What is flexible infrastructure? (And why we need more of it)
17 of September of 2021
When the pandemic hit, most international airports were faced with a similar problem: Their big, spacious terminals were suddenly empty. As passengers trickled through the tiled hallways, air conditioning units kept them cool while cleaners cleaned around them. From a passenger experience point of view, not much had changed. Maybe the duty free was closed, but other than that, the space you travelled around remained the same.
From an asset management point of view, this is a serious challenge. Heating and cooling a giant open space like an airport terminal is costly. When those open spaces are designed for tens of thousands of people, the ratios make sense. When only a few hundred people turn up, suddenly your airport terminal isn’t very efficient. Enormous spaces are great when your airport is at capacity. When it’s not, they become a burden.
When infrastructure can’t adapt to change, we can refer to it as inflexible or single purpose infrastructure. And this type of infrastructure is all around us. The same pandemic challenge hit urban and interurban highways they were almost silent and ghostly and not able to fulfil their single purpose a route for vehicles from A to B, but still had to be maintained, cleaned and kept safe.
What is ‘flexible’ infrastructure?
Inflexible infrastructure is static. It can’t change. Flexible infrastructure on the other hand, is infrastructure that can adapt to low probability, high impact events like a pandemic either by adapting to the change in demand or by providing alternative use case options.
Imagine an airport terminal the shape of your hand, with one hallway leading to five different corridors. Each of these corridors could have 4 or 5 air bridges attached. In this design, when you no longer need 80% of your terminal capacity (like right now), you can close 80% of the space, saving on heat, electricity and other services needed to maintain the building.
In this example, designing flexibility into the airport terminal from the beginning allows it to maintain its value proposition. This isn’t the perfect terminal design by any stretch of the imagination, but an exercise to get us thinking about how flexible infrastructure can help us adapt in moments like the one we’re living now. As passenger throughput drops, operation expenditure (opex) should be able to match it.
Think of your house. When you walk in you switch on the hallway light. As you leave the hallway you switch that light off, and switch the living room light on. You decide to cook something so you turn the oven on to heat up. You cook your food, turn the oven off and turn the TV on. It’s cold so you close the door and turn your heating on for that one room. This is flexibility. The inflexible house turns your lights, TV, oven and heating on all at the same time, whether you need them or not. The operational costs of your house have now skyrocketed.
Using data to design flexibility
There are different degrees of flexibility that you can design into your infrastructure. And it’s not just the shape of the building, but the services as well. In the airport example, that could be the retail area or baggage system. For a toll road, that could be giving extra space to specific vehicles at certain times of the day. An extra lane for public transport in the morning, more space for commercial vehicles during the day, for example.

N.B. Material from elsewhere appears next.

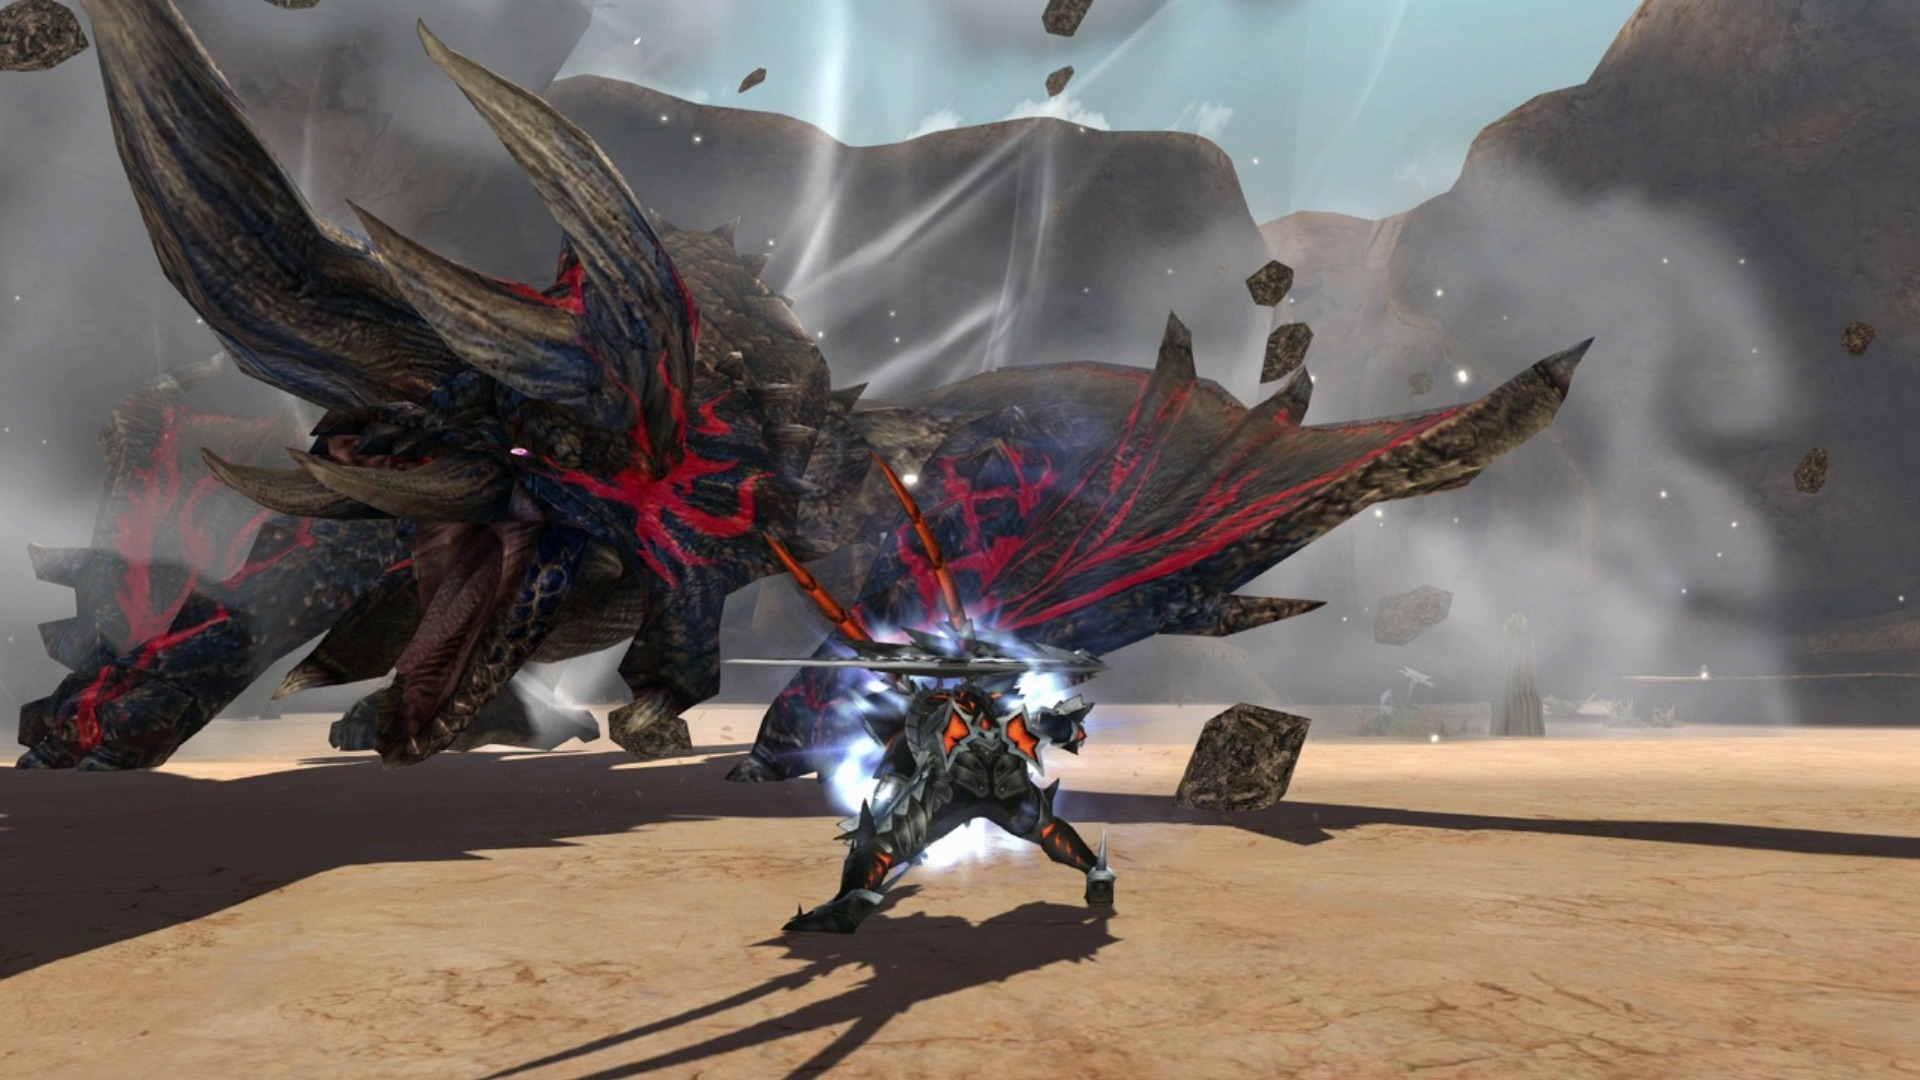 monster-hunter-xx-nintendo-switch-screenshot-4

When designing flexibility into infrastructure though, you have to be aware of the needs of the local population. Certain populations have certain needs. There are cultural differences and habits even within different regions of the same country.
To help design flexibility into infrastructure, we use something called a digital twin. The digital twin can be a dataset you’ve collected that contains information on the type of vehicle at a specific time of day. You can then use this data to simulate, among other things, what would happen on the highway if you turned an all purpose lane into a high occupancy vehicle (HOV) lane.
The digital twin can also be much more visual; a 3D space that allows you to judge the look and feel of a piece of infrastructure. The 3D digital twins allow you to share designs with local communities, which gives them the chance to provide you with invaluable feedback. This feedback can then be input into the digital twin, analyzed and perfected.
It’s important to balance everything
Flexible infrastructure is infrastructure that can adapt to change, and be more profitable over time. It’s infrastructure where flexibility has been designed into the fabric from the beginning. But the reality is that 100% flexibility isn’t possible. The perfect toll road doesn’t exist. User behaviors dictate what a perfect piece of infrastructure is, and user behaviors vary throughout the world.
But understanding user behavior through the use of digital twins and customer feedback allows you to strike a balance between opex, capital expenditure and flexibility, thus creating the most flexible infrastructure for that time and place.
Flexible infrastructure as a principle allows us to make a more sustainable future for infrastructure.